Intuitively, let's look at the transformation at step 3 on your picture, which evaluates $x_3=200$. At step 2, $m(x_3)$ is roughly $70\%$, because that's kind of average of known values $f(x_1)$ and $f(x_2)$, but with huge variance: any value between $55\%$ and $95\%$ is within one standard deviation. Basically, everything beyond $x > 150$ is a big unknown area. Evaluation of $f(x_3) = 85\%$ makes it certain: $m(x_3)$ is about the same as $m(x_2)$, but slightly better, which makes $m(x)$ monotone between $x_2$ and $x_3$. The variance around $x_2$ and $x_3$ is small, however the value at $x=150$ can be both much better or much worse.

Note that at each step, $m(x)$ is smooth, because that's exactly what GP models. Hope this clarifies why the shape of $m(x)$ makes sense.

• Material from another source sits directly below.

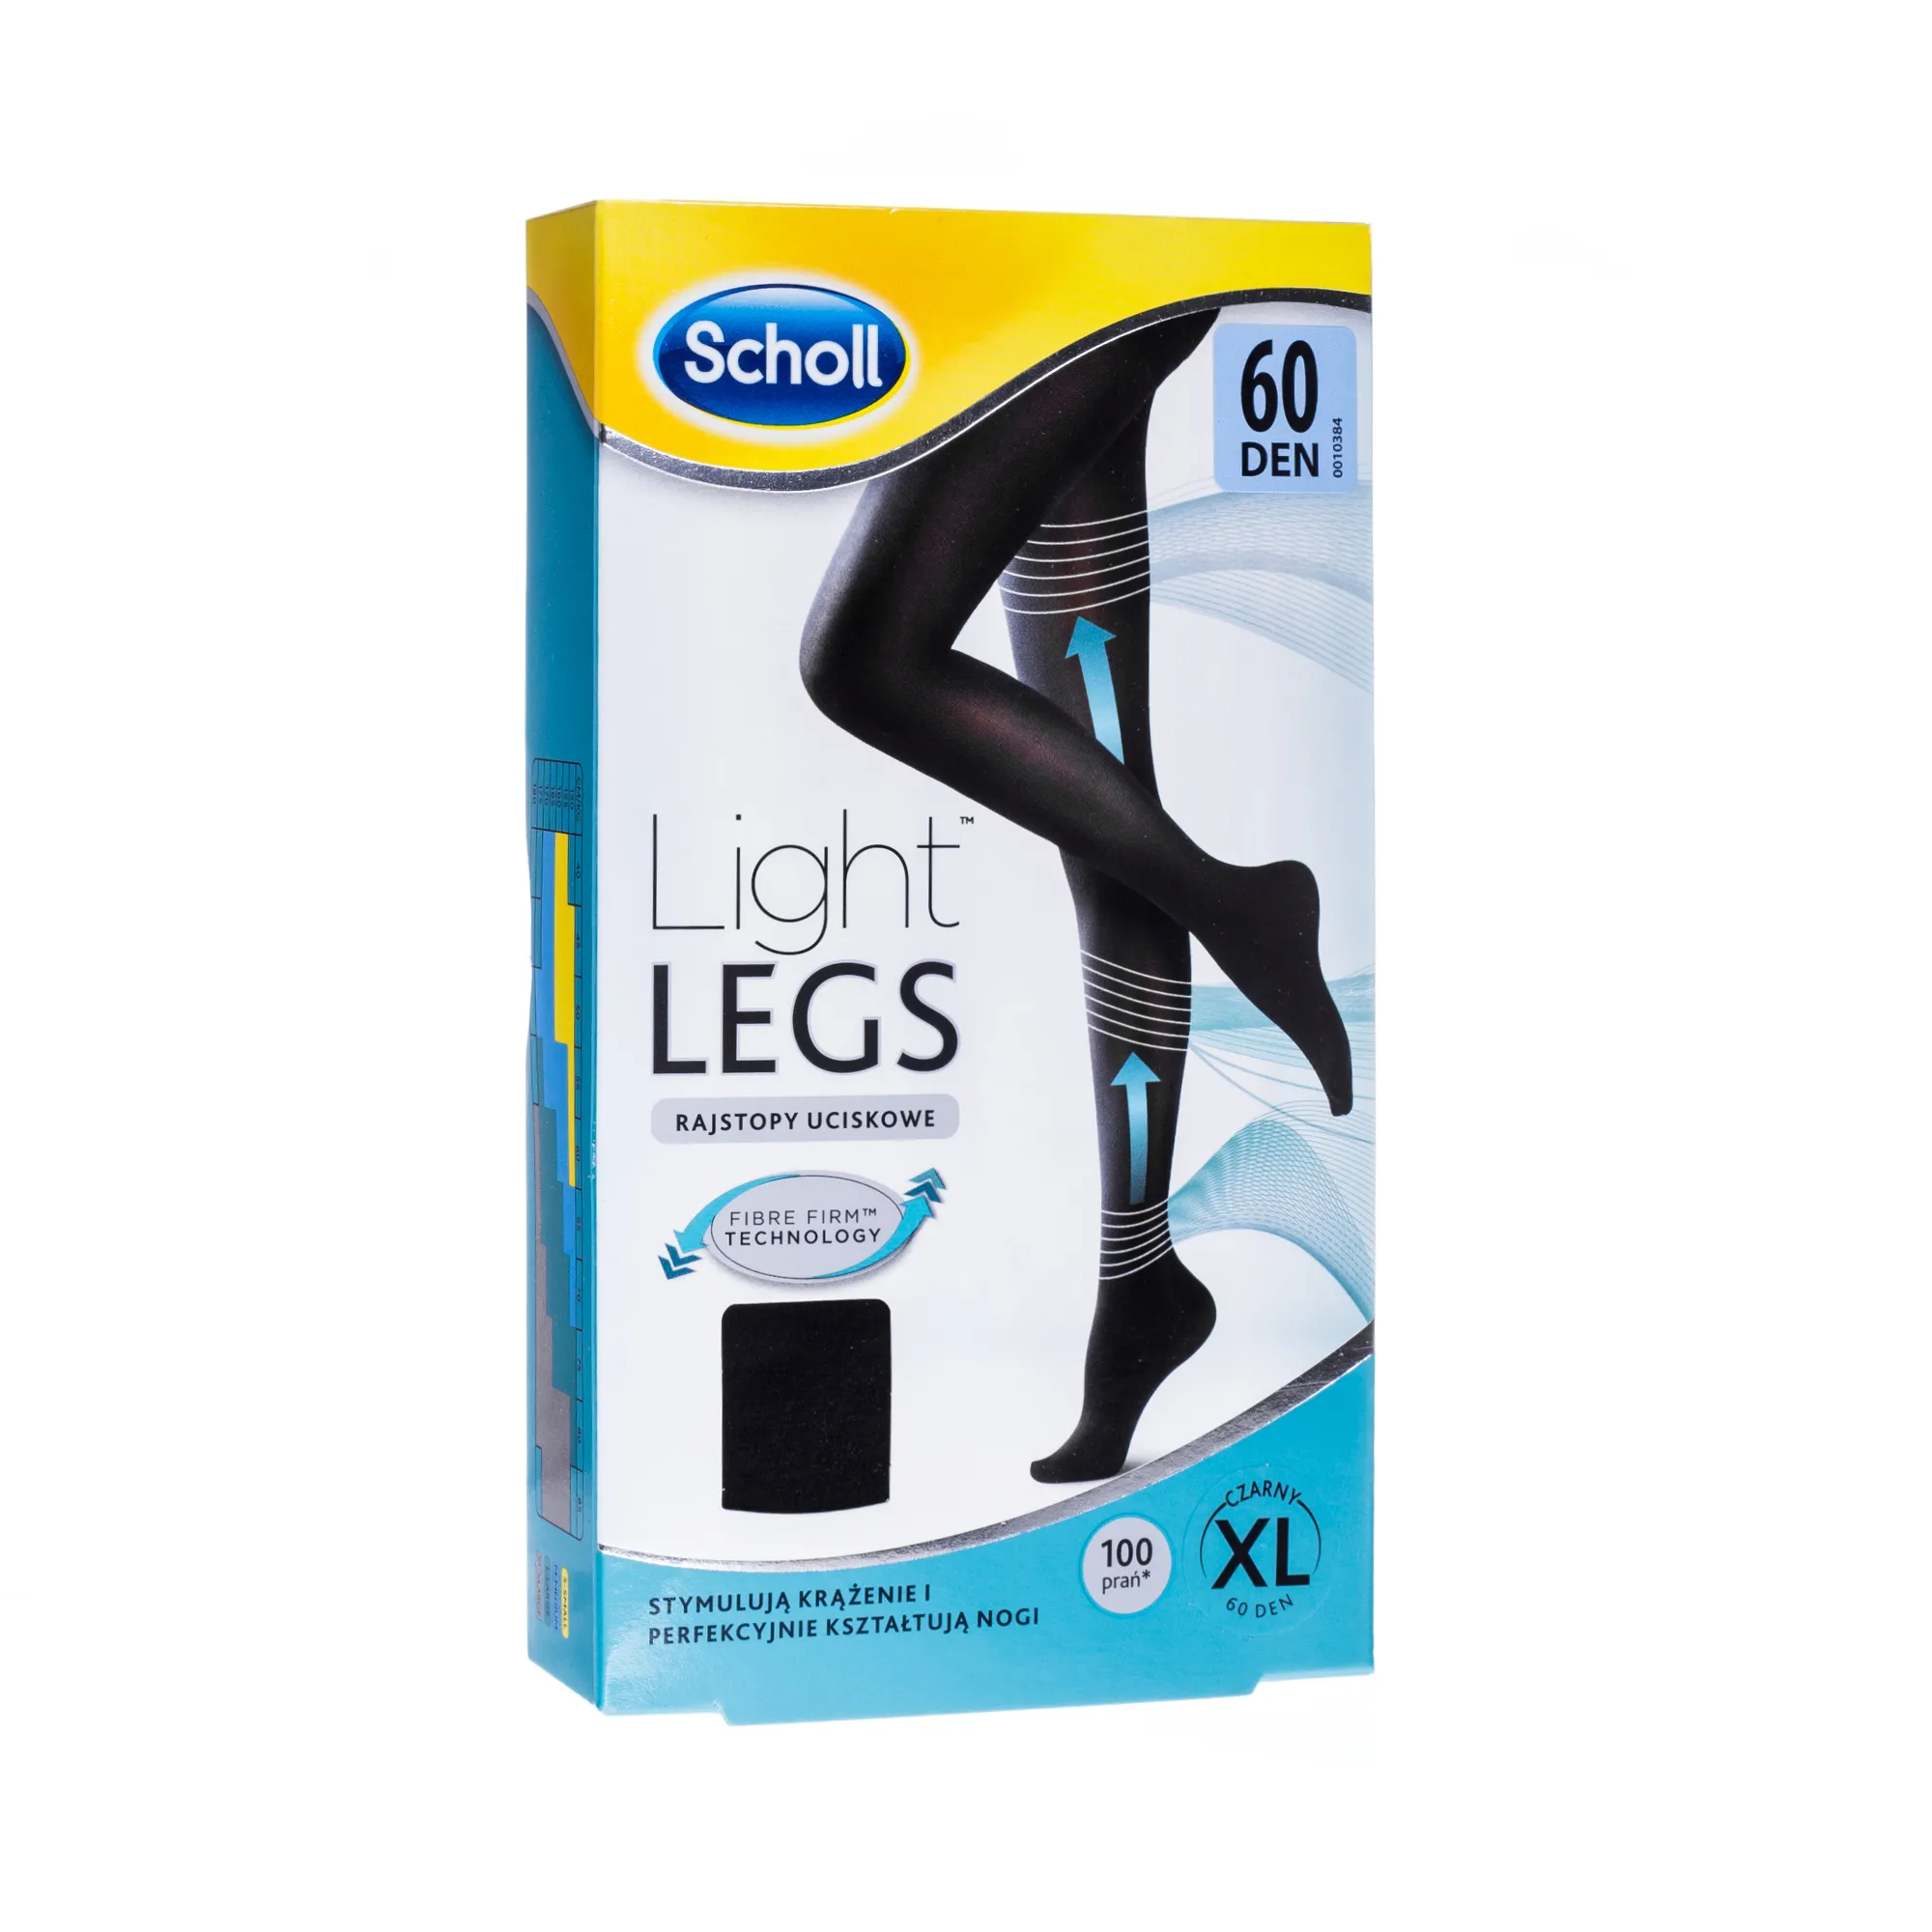 Scholl Light Legs, rajstopy uciskowe, czarne, 60 DEN, XL, 1 sztuka

How the kernel affects GP?

It makes the variance larger or smaller by assuming the likelihood of big changes of $f$ on a small interval. In other words, it controls what a small interval of $x$ is. Remember that GP models the smooth functions over $x$, but changing the measure of $x$ changes how "wigly" the functions of $x$ are allowed to be.

For example, here's the effect of changing the width parameter of the Gaussian kernel, from $0.1$ to $1$ to $10$ (the gray area is the variance):

effect-of-kernel-width

The first one allows a lot of variation in $f$ by making the distances between $x$'s very large. The last one is the opposite. The exact formula again follows the Multivariate Gaussian Theorem.

Highly recommend the lectures by Nando de Freitas available on YouTube (the first one is here) to get a better understanding of GP. Hyperparameter tuning via Gaussian Optimization is also discussed in this question.